P.S. Subscribers get a free year of Lovable, Manus, Replit, Gamma, n8n, Canva, ElevenLabs, Amp, Factory, Devin, Bolt, Wispr Flow, Linear, PostHog, Framer, Railway, Granola, Warp, Perplexity, Magic Patterns, Mobbin, ChatPRD, and Stripe Atlas. Yes, this is for real.
In part two of our in-depth series on building AI product sense (don’t miss part one), Dr. Marily Nika—a longtime AI PM at Google and Meta, and an OG AI educator—shares a simple weekly ritual that you can implement today that will rapidly build your AI product sense. Let’s get into it.
For more from Marily, check out her AI Product Management Bootcamp & Certification course (which is also available for private corporate sessions) and her recently launched AI Product Sense and AI PM Interview prep course (both courses are 15% off using these links). You can also watch her free Lightning Lesson on how to excel as a senior IC PM in the AI era, and subscribe to her newsletter.
P.S. You can listen to this post in convenient podcast form: Spotify / Apple / YouTube.
Meta recently added a new PM interview, the first major change to its PM loop in over five years. It’s called “Product Sense with AI,” and candidates are asked to work through a product problem with the help of AI, in real time.
In this interview, candidates aren’t judged on clever prompts, model trivia, or even flashy demos. They are evaluated on how they work with uncertainty: how they notice when the model is guessing, ask the right follow-up questions, and make clear product decisions despite imperfect information.

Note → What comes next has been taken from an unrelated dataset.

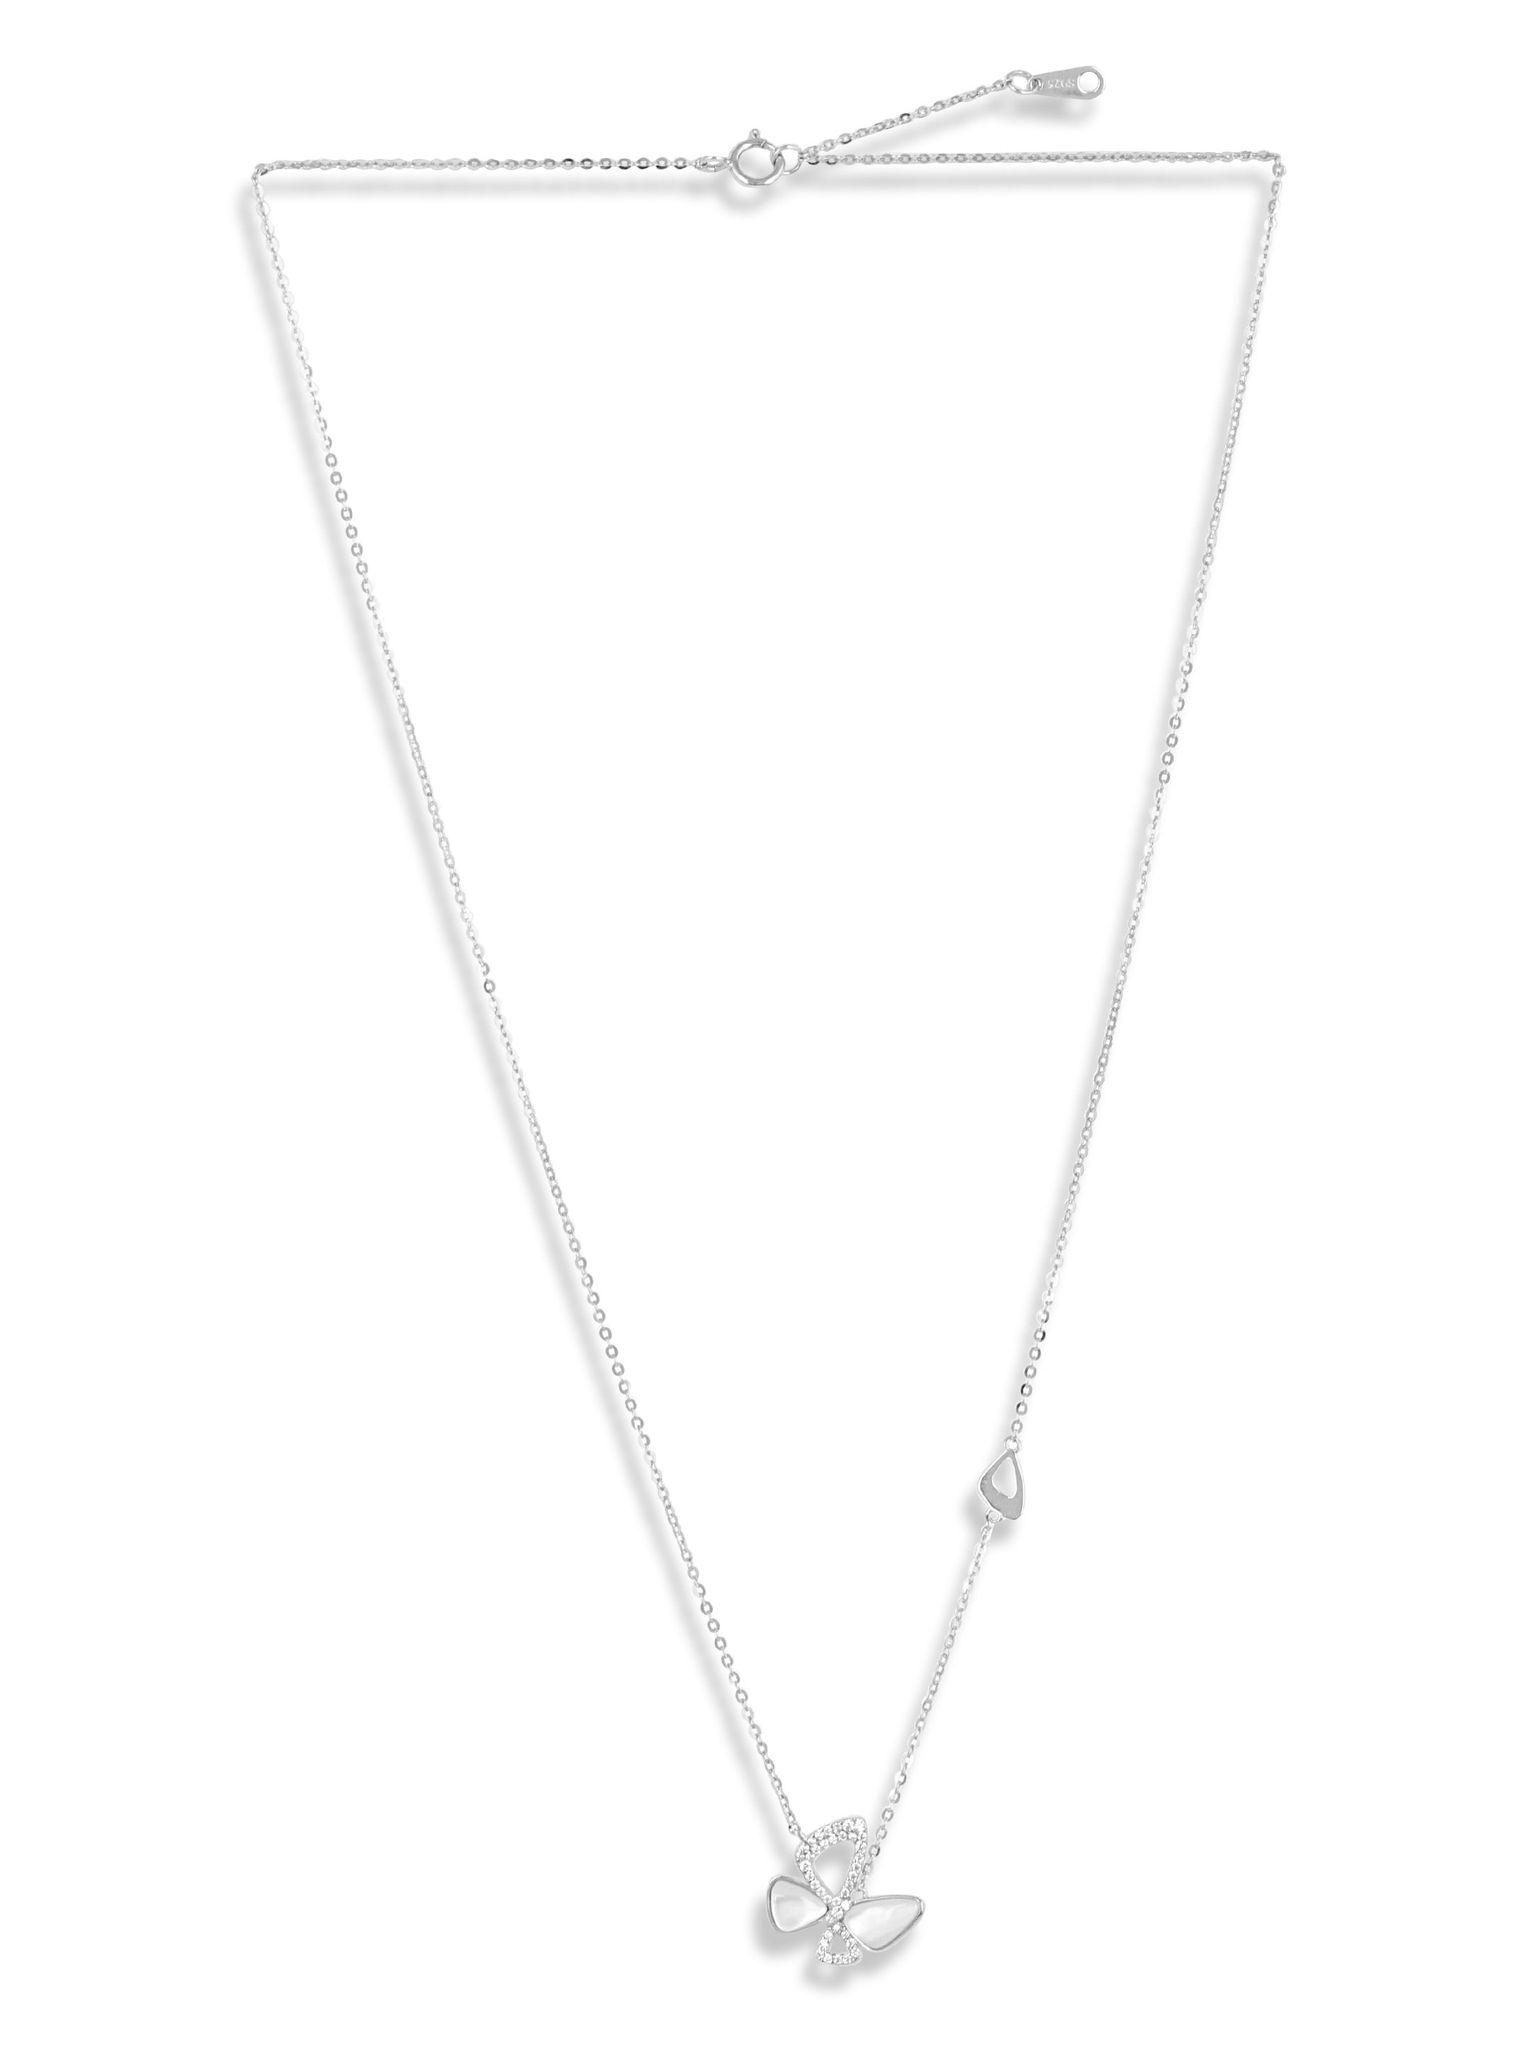 Cat Eye butterfly pendant with chain White Gold

That shift reflects something bigger. AI product sense—understanding what a model can do and where it fails, and working within those constraints to build a product that people love—is becoming the new core skill of product management.
Over the past year, I’ve watched the same pattern repeat across different teams at work and in my trainings: the AI works beautifully in a controlled flow . . . and then it breaks in production because of a handful of predictable failure modes. The uncomfortable truth is that the hardest part of AI product development comes when real users arrive with messy inputs, unclear intent, and zero patience. For example, a customer support agent can feel incredible in a demo and then, after launch, quietly lose user trust by confidently answering ambiguous or underspecified questions (for example, “Is this good?”) instead of stopping to ask for clarification.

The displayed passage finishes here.